*ASSIGNED TASK*
The data below should be retyped exactly, with the pictures left out.

*DATA*
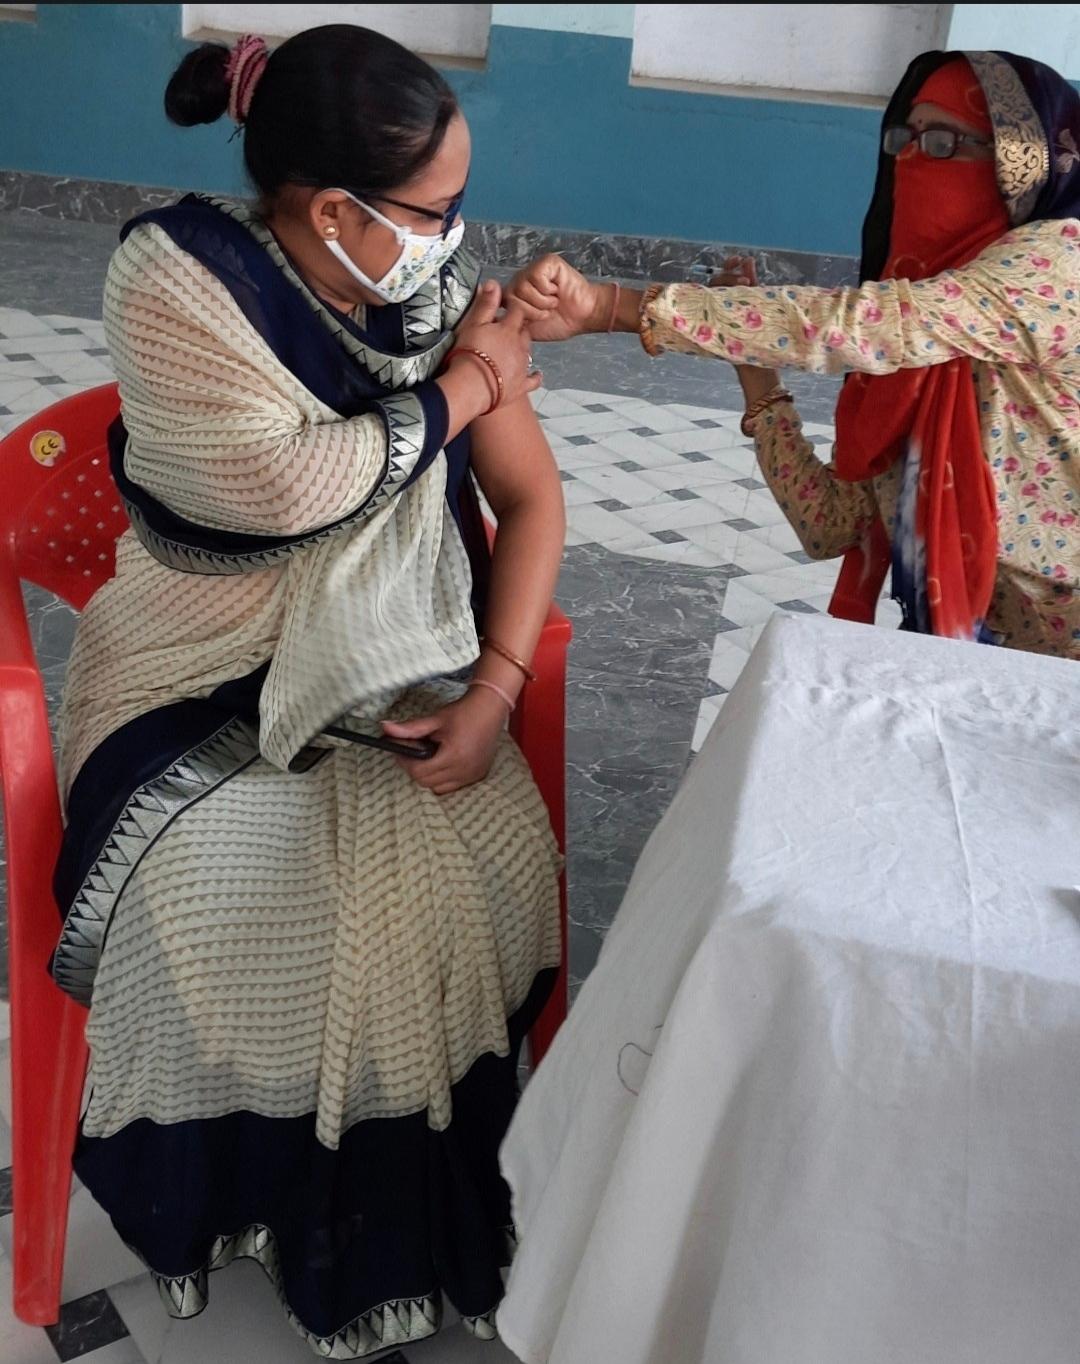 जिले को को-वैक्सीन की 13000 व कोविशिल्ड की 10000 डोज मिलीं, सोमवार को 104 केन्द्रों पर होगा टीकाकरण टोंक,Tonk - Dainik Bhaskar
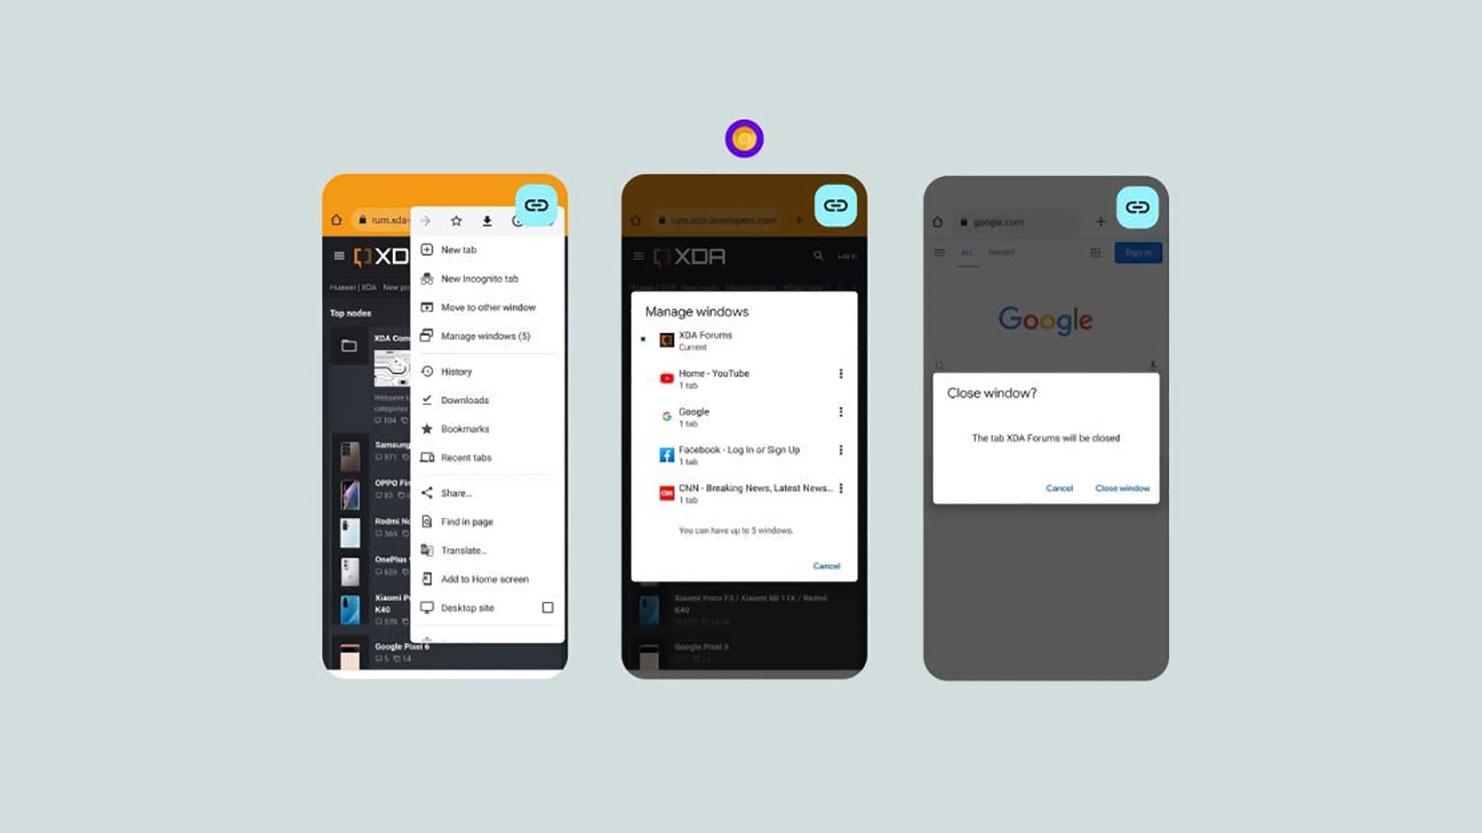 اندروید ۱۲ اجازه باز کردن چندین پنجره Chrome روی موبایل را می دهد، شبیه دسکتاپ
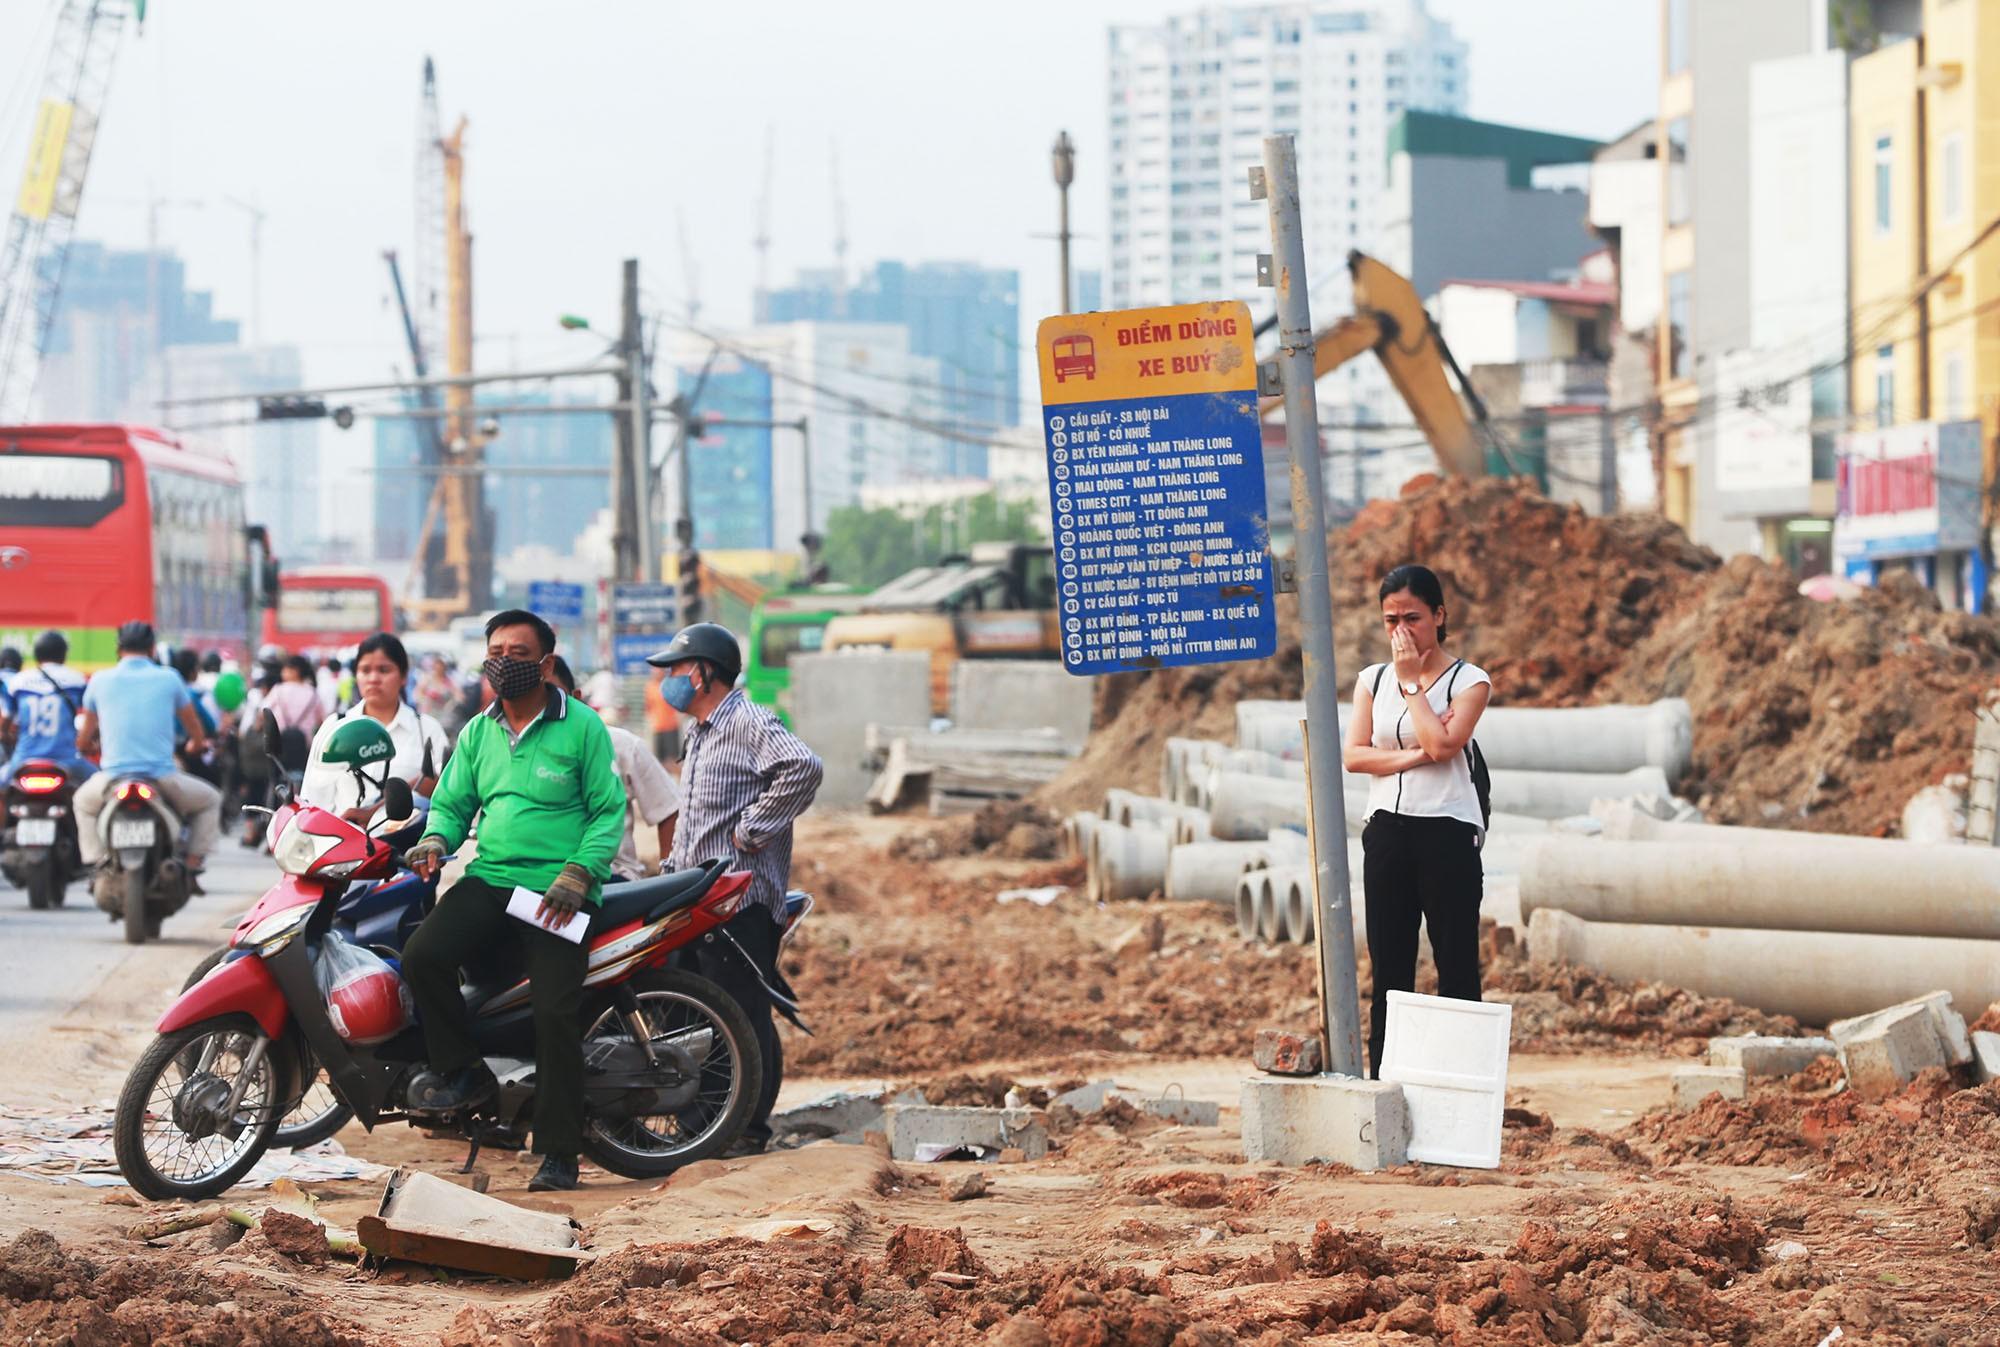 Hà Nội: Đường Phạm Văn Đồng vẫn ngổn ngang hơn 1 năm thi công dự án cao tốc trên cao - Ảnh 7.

*TASK ANSWER*
 जिले को को-वैक्सीन की 13000 व कोविशिल्ड की 10000 डोज मिलीं, सोमवार को 104 केन्द्रों पर होगा टीकाकरण टोंक,Tonk - Dainik Bhaskar
 اندروید ۱۲ اجازه باز کردن چندین پنجره Chrome روی موبایل را می دهد، شبیه دسکتاپ
 Hà Nội: Đường Phạm Văn Đồng vẫn ngổn ngang hơn 1 năm thi công dự án cao tốc trên cao - Ảnh 7.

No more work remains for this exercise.